Once you get past who's included and who's left out, though, the show is frequently exhilarating, especially for anyone who appreciates the primacy of painting. The exhibition gets off to an inauspicious start, with a small, untitled oil painting from around 1953 by Joan Mitchell. It's a fine little abstract, dominated by a few swaths of bold red, by one of the most prominent second-generation abstract expressionists, but it hardly prepares us for the grandeur of much of what soon follows.

Italian Landscape, for instance, is nothing if not grand — a narrative-packed vista by Thomas Cole in which the expansive landscape dwarfs the 18 human figures scattered throughout it. Cole, who was born in England but moved to America when he was 18, is credited as the founder of the Hudson River School of painting, and this landscape from 1839, though set in Europe, shows how he helped redefine American landscape painting.

As thrilling as Cole's canvas is, however, it is almost upstaged a little farther into the show by The Oregon Trail, a magnificent sun-drenched landscape by Albert Bierstadt in 1869. Another European transplant — he was born in Prussia — Bierstadt first ventured into the American West in 1859 as part of an Interior Department survey to find a new wagon route to California. This painting, created the same year the first transcontinental railroad was completed, encapsulates both the artist's own journey and the country's westward expansion, seen as a romantic example of Manifest Destiny.

These two are just high points among the many landscapes included. In contrast with the scale and detail of Cole's and Bierstadt's visions, we get a much more intimate take in Birds of the Bagaduce, an oil-on-board done in 1939 by Marsden Hartley that reduces landscape to a boat-dotted sea under clouds and birds, with a backdrop of distant hills. Ice and Clouds is a similarly elemental landscape by Arthur G. Dove, often considered the first American abstract painter.

The exhibition plunges into the early 20th Century with a shift from rural to urban. Manhattan's Misty Sunset, by the great American impressionist Childe Hassam in 1911, replaces landscape with cityscape, as does 1927's Der Pulverturm ("The Powdertower"), which perfectly sums up Lyonel Feininger's distinctive use of crisp angles and geometric forms. Edward Hopper's charcoal House in Charleston, SC from 1929 takes us from the great American outdoors into an interior more reflective of a state of mind.

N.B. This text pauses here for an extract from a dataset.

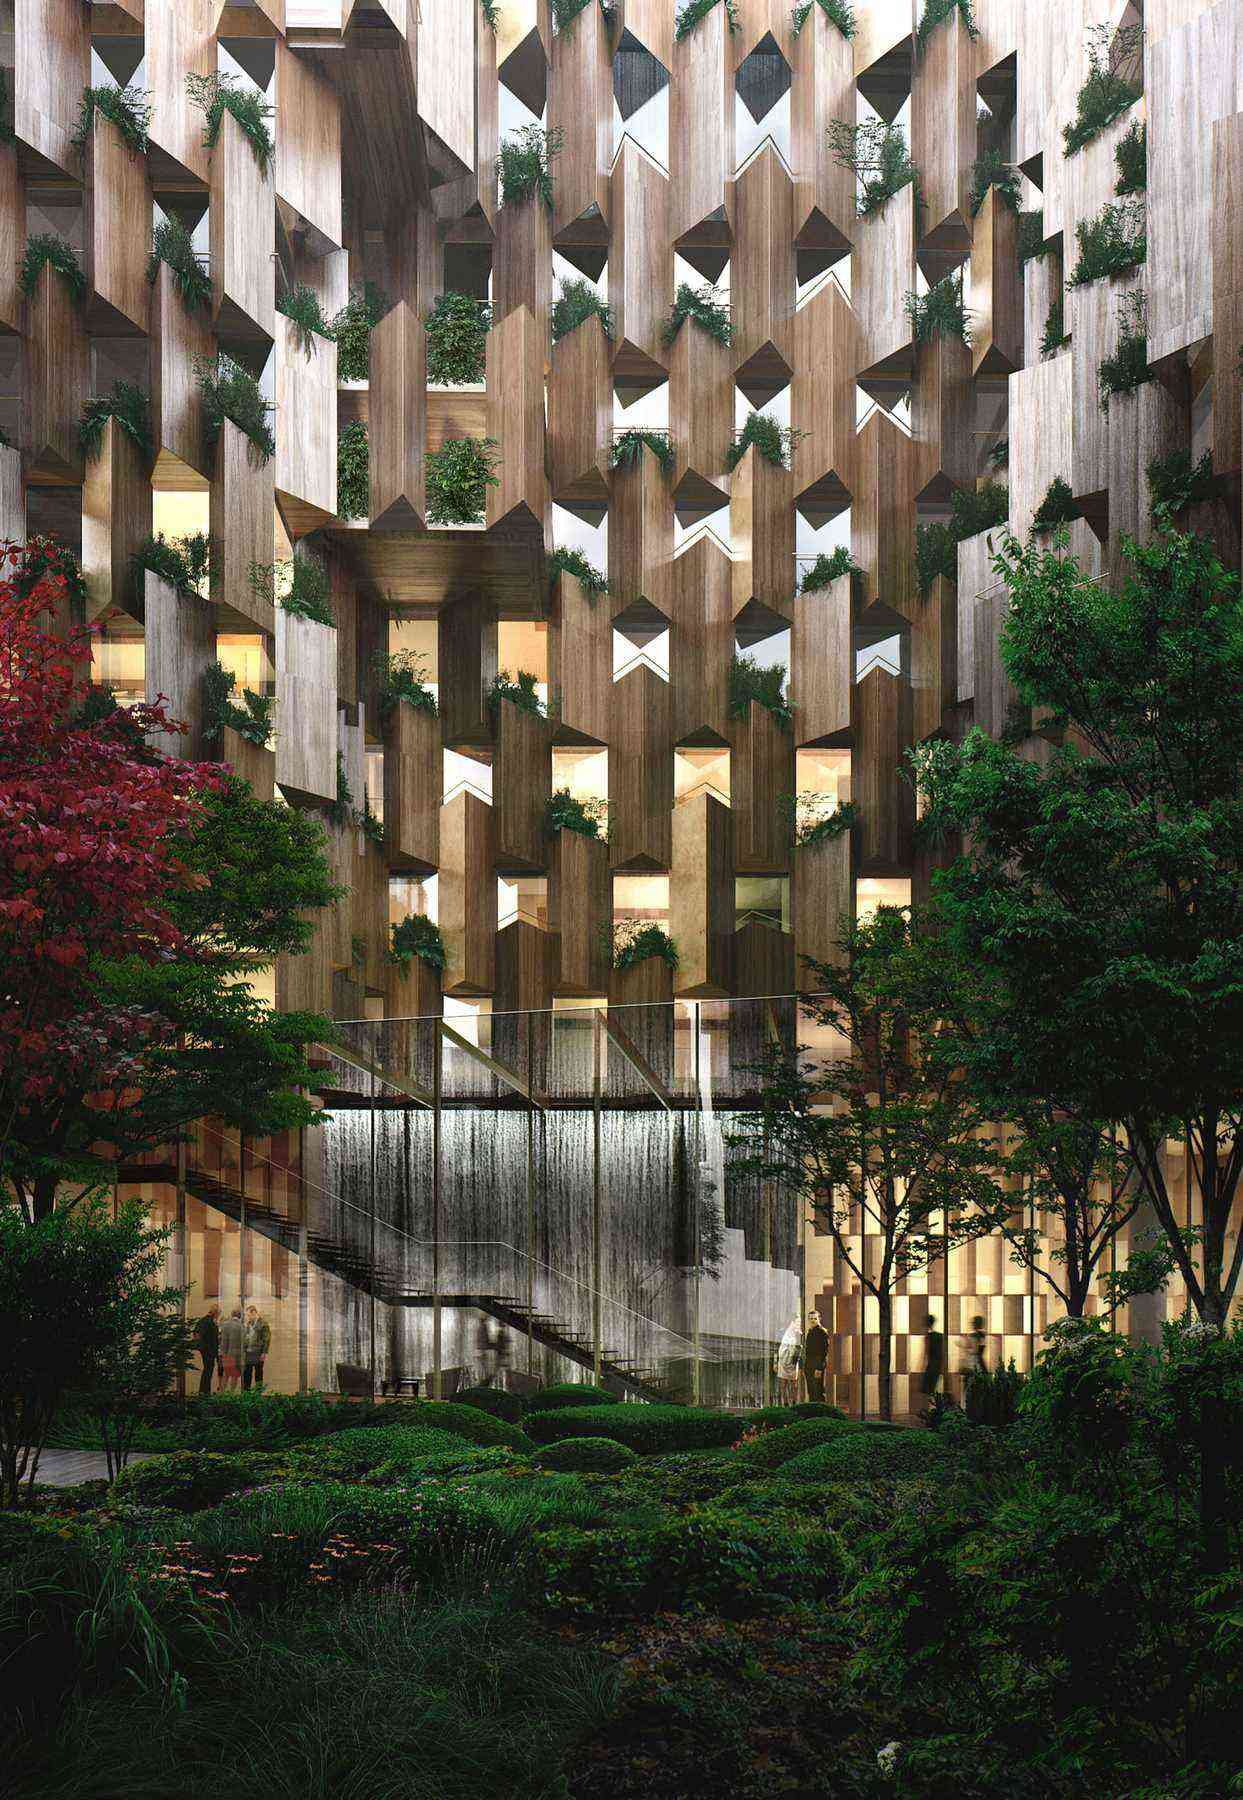 1-hotel-paris-kengo-kuma-associates-france-architecture-_dezeen_2364_col_12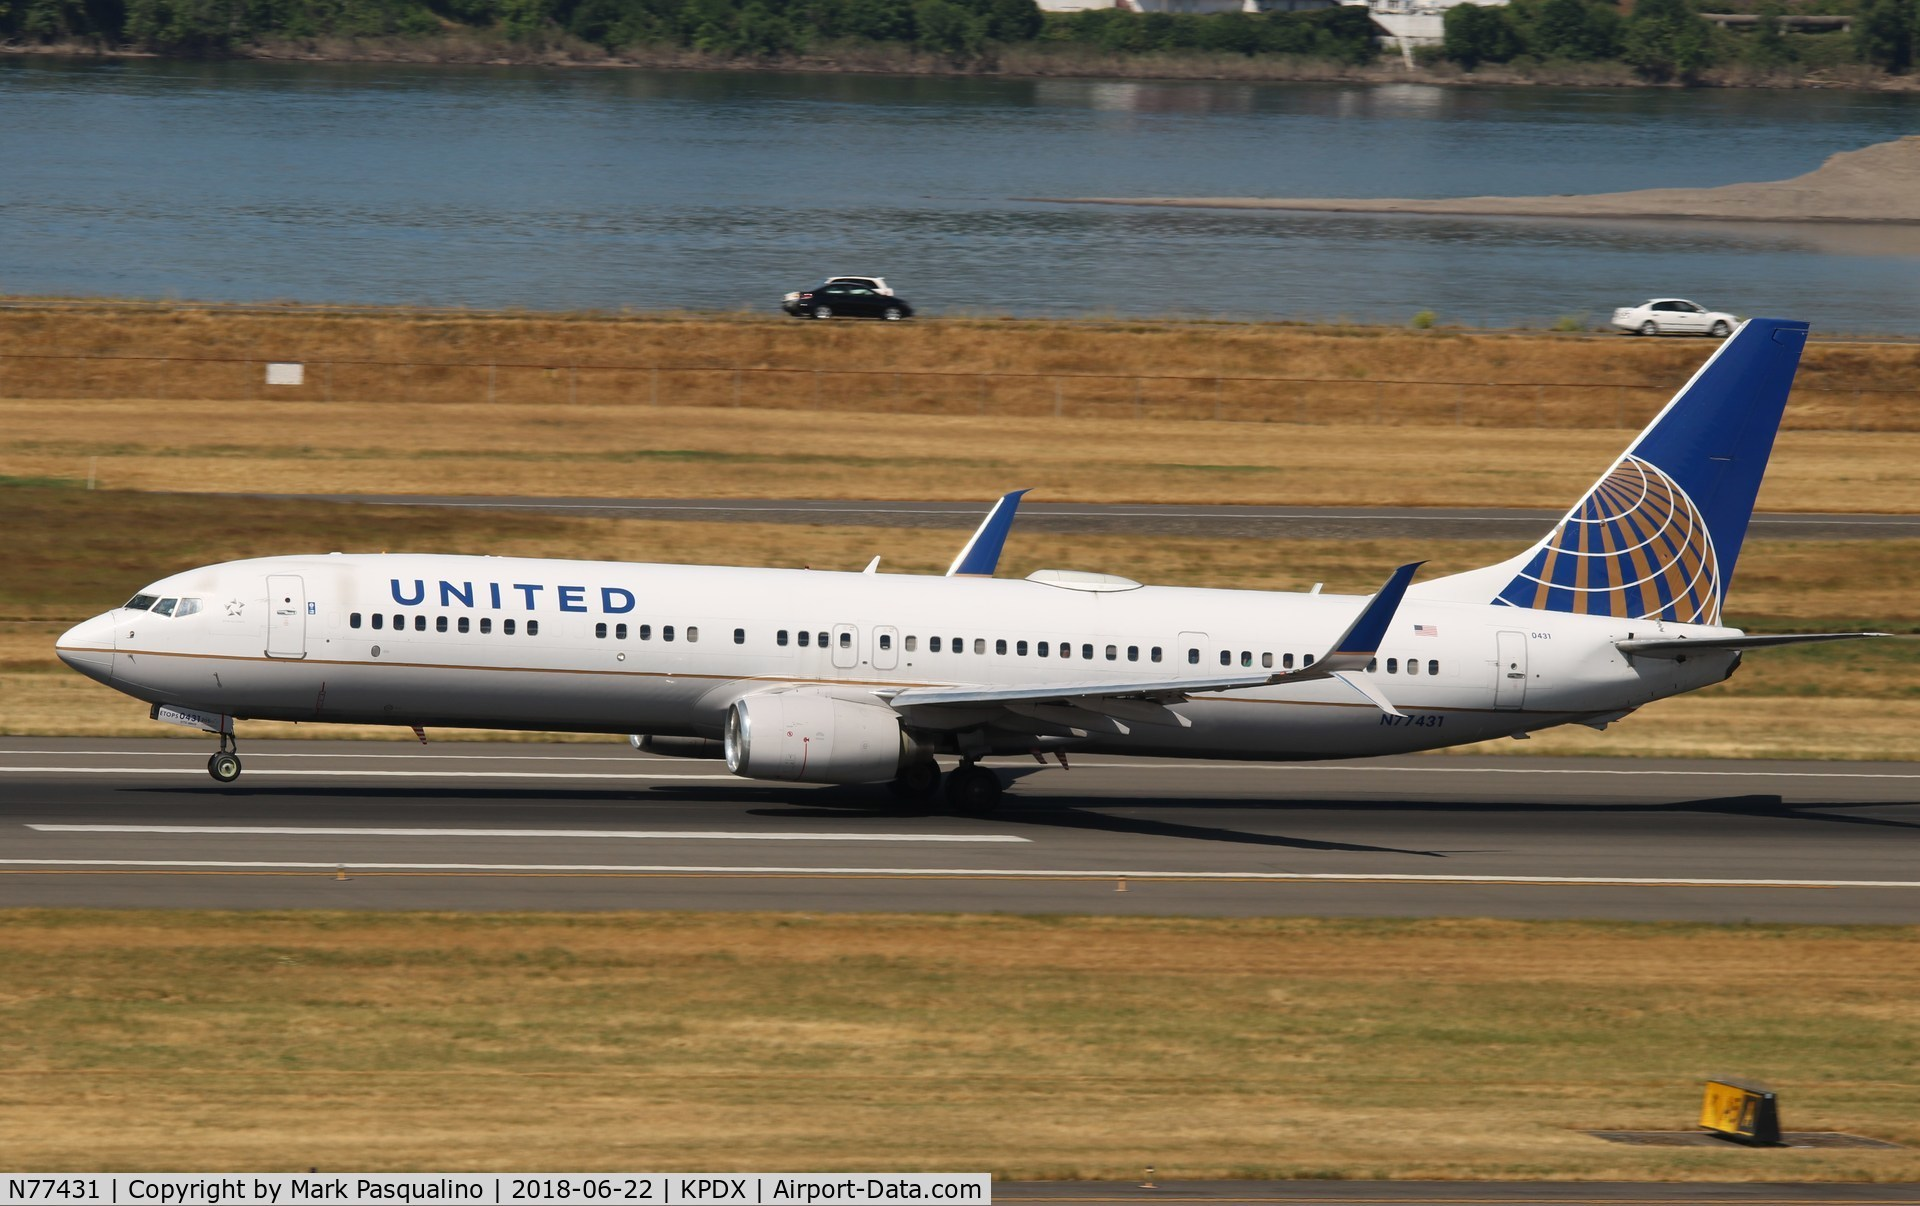 N77431, 2009 Boeing 737-924/ER C/N 32833, Boeing 737-900ER

It's difficult to make broad statements of a show that steadfastly resists summing up. At various points, a narrative seems to be taking shape, only to be disrupted by the appearance of something like Robert Motherwell's Collage with Ochre, a 1958 work that deconstructs a package salvaged from the mail. And how can such a small sampling of American art hope to establish context for a talent as singular and iconoclastic as Jackson Pollock at the height of his powers in 1950, suggested here by Silver & Black?

Just as landscapes dominate large stretches of the exhibition, there's a section near the end that emphasizes portraits. Thomas Eakins makes his appearance here, with The Coral Necklace, which portrays the Philadelphia sculptor Beatrice Fenton, looking well beyond her 17 years. William McGregor Paxton's Sylvia gives us an unconventionally beautiful woman who looks something like an early-20th-century Helena Bonham Carter.

But once again the flow is interrupted. A large domestic scene painted in 1988 by Janet Fish, Feeding Caitlin, falls uneasily between portraiture and photorealism. The Street, completed in 1957 by Jacob Lawrence (the first black artist added to the permanent collection of New York's Museum of Modern Art), injects social realism into the mix. Andy Warhol's Paul Jenkins is, first and foremost, a Warhol.

Better simply to abandon yourself, as I ultimately did, to "American Treasures." As a representative survey of something as sprawling and unruly as American art, it's hopelessly inadequate. As a tentative introduction to its vast subject, it's full of satisfactions big and small.